__PROBLEM DESCRIPTION__:
Having located "Dryad's Saddle Throw" in the records below, repeat exactly the line it is on and all subsequent lines, ending with the last.

__RECORDS TO PROCESS__:
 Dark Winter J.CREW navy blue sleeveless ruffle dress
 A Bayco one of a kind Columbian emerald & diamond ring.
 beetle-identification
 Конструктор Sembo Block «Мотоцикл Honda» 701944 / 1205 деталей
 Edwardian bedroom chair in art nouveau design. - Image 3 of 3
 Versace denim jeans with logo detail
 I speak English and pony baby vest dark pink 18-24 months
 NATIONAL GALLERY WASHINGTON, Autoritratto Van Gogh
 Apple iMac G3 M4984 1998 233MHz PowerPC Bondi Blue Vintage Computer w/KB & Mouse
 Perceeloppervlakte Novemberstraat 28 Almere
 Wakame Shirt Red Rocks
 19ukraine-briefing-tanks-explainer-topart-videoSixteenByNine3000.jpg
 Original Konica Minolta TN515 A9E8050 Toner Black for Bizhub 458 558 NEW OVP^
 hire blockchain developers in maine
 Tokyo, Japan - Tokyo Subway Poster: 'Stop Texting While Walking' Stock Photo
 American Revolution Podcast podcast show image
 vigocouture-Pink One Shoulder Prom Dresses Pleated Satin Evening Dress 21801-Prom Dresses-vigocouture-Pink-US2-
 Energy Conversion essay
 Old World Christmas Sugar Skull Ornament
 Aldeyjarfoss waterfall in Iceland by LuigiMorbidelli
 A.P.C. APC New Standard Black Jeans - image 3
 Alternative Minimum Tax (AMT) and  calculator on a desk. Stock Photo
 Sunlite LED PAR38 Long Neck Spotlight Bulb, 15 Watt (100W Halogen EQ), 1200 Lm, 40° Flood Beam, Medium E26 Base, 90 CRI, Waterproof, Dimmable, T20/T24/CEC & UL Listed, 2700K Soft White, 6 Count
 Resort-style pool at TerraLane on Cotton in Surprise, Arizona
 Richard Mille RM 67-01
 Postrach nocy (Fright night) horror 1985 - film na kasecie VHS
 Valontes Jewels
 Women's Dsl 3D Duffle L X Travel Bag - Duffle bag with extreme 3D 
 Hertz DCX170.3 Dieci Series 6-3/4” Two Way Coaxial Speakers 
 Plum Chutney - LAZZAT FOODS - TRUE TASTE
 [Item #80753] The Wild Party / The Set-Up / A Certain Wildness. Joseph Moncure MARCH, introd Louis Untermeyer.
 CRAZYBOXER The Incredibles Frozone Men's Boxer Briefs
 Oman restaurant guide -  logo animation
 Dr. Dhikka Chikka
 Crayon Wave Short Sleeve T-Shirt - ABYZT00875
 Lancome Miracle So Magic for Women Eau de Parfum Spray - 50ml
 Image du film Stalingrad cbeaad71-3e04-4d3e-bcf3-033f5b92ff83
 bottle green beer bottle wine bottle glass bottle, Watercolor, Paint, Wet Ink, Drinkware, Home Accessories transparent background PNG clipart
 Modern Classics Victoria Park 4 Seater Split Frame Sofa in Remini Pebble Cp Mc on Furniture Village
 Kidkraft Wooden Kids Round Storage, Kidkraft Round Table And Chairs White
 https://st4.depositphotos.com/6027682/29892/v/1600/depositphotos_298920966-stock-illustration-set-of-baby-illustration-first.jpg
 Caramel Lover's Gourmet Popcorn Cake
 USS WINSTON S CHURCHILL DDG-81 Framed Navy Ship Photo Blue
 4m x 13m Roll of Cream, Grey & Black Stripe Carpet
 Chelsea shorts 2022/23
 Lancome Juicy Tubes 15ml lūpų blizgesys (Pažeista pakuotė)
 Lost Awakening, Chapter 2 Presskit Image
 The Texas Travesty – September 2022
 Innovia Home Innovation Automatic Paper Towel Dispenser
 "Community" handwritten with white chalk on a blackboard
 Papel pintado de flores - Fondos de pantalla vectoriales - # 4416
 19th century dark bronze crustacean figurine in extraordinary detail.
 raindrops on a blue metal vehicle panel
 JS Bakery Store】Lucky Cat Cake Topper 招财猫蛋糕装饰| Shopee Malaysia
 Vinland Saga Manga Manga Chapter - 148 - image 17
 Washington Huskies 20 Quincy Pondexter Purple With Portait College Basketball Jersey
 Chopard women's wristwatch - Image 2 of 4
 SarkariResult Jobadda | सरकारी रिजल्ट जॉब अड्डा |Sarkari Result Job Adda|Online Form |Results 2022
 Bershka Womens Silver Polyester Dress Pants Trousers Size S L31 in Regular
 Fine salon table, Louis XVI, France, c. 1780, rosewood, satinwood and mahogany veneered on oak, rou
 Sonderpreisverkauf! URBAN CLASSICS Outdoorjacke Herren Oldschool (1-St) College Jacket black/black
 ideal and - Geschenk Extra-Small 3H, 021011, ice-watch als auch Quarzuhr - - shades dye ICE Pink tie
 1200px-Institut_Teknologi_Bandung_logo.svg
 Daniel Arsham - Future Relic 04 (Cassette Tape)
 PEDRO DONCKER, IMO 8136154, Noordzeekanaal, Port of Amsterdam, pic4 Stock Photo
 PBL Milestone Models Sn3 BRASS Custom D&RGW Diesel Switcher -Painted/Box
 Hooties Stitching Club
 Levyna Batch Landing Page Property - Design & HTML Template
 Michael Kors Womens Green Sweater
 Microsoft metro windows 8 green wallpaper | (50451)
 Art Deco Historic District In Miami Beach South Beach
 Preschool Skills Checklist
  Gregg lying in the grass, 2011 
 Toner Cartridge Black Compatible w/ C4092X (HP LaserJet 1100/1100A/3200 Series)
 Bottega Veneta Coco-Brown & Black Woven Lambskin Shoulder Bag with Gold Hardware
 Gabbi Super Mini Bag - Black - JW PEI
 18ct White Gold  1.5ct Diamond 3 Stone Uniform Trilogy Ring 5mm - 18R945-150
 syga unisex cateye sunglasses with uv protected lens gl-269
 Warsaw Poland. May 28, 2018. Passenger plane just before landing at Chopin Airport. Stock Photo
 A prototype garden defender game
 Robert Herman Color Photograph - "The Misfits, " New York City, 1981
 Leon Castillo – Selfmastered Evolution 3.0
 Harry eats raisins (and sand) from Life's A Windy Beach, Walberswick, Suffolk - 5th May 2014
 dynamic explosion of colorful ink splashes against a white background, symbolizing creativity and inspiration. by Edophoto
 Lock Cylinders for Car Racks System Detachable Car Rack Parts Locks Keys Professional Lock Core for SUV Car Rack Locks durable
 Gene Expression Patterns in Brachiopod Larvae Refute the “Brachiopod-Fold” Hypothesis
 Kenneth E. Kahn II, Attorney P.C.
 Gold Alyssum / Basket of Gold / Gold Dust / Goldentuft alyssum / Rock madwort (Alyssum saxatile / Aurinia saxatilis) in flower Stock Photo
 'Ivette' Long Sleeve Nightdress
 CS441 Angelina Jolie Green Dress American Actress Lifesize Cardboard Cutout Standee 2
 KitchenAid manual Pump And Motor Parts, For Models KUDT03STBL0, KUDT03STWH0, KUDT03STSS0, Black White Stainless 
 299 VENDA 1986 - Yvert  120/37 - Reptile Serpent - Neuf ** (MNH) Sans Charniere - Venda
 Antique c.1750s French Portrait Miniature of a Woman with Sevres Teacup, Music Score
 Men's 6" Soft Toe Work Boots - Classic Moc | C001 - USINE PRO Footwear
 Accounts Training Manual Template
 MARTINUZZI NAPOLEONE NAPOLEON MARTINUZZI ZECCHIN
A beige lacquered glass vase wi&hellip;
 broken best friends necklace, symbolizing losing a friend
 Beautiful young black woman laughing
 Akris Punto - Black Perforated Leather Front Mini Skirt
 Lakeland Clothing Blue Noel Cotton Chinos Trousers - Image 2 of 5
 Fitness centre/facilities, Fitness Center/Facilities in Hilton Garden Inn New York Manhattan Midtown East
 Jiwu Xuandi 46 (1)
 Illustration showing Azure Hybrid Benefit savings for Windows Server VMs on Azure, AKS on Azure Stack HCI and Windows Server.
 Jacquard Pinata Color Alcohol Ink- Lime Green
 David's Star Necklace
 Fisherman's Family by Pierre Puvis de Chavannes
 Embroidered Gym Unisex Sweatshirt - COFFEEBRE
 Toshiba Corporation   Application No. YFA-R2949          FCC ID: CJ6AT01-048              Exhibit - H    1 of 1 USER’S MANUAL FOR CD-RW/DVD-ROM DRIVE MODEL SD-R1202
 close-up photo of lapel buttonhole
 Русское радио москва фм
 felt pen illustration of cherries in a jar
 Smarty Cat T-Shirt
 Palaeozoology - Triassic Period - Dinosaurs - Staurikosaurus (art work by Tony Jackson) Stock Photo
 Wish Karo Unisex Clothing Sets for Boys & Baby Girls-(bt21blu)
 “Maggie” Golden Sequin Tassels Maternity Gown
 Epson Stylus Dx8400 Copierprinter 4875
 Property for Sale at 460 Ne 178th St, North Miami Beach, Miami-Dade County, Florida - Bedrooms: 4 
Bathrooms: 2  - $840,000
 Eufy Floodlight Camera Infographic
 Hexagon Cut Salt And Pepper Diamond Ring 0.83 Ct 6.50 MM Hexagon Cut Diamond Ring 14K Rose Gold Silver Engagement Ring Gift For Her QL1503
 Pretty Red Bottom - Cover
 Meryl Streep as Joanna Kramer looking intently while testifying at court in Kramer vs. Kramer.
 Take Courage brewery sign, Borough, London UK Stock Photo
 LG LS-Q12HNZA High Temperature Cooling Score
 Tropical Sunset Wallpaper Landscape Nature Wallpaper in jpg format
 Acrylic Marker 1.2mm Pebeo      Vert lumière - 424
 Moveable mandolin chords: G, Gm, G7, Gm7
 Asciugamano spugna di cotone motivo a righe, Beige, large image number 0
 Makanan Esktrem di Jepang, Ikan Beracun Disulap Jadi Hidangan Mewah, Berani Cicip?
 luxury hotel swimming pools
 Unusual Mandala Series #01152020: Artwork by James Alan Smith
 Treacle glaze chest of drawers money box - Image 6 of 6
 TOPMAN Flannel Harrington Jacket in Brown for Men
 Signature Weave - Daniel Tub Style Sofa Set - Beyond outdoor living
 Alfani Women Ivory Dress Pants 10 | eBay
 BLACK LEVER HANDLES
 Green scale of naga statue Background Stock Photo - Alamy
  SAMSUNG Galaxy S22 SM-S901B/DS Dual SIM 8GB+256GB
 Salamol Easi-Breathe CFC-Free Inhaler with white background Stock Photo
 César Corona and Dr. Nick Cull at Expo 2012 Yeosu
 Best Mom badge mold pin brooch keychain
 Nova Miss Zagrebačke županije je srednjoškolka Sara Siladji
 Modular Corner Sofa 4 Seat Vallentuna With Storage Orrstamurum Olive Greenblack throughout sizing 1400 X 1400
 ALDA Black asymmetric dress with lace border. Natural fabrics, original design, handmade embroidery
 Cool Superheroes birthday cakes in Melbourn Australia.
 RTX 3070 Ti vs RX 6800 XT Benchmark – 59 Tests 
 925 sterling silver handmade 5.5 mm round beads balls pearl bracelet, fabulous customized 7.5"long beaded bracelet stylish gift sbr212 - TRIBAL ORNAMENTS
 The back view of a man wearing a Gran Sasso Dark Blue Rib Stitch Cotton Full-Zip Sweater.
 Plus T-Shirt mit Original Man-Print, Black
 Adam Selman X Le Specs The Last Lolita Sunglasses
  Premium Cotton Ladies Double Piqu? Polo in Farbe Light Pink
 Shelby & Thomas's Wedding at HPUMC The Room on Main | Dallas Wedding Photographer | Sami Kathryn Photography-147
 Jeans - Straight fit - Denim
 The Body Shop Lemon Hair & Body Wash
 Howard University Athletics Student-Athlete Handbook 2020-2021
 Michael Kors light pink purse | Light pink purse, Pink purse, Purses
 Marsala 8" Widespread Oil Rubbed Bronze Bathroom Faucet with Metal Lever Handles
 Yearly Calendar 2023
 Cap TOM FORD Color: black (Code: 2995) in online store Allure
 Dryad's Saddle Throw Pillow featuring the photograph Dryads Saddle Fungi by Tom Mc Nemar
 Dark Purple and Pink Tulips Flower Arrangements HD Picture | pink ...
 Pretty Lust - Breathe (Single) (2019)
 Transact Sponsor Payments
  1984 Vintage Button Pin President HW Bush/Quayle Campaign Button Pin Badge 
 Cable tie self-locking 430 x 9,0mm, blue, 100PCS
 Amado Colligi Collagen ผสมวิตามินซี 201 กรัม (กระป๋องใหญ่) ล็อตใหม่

__EXERCISE SOLUTION__:
 Dryad's Saddle Throw Pillow featuring the photograph Dryads Saddle Fungi by Tom Mc Nemar
 Dark Purple and Pink Tulips Flower Arrangements HD Picture | pink ...
 Pretty Lust - Breathe (Single) (2019)
 Transact Sponsor Payments
  1984 Vintage Button Pin President HW Bush/Quayle Campaign Button Pin Badge 
 Cable tie self-locking 430 x 9,0mm, blue, 100PCS
 Amado Colligi Collagen ผสมวิตามินซี 201 กรัม (กระป๋องใหญ่) ล็อตใหม่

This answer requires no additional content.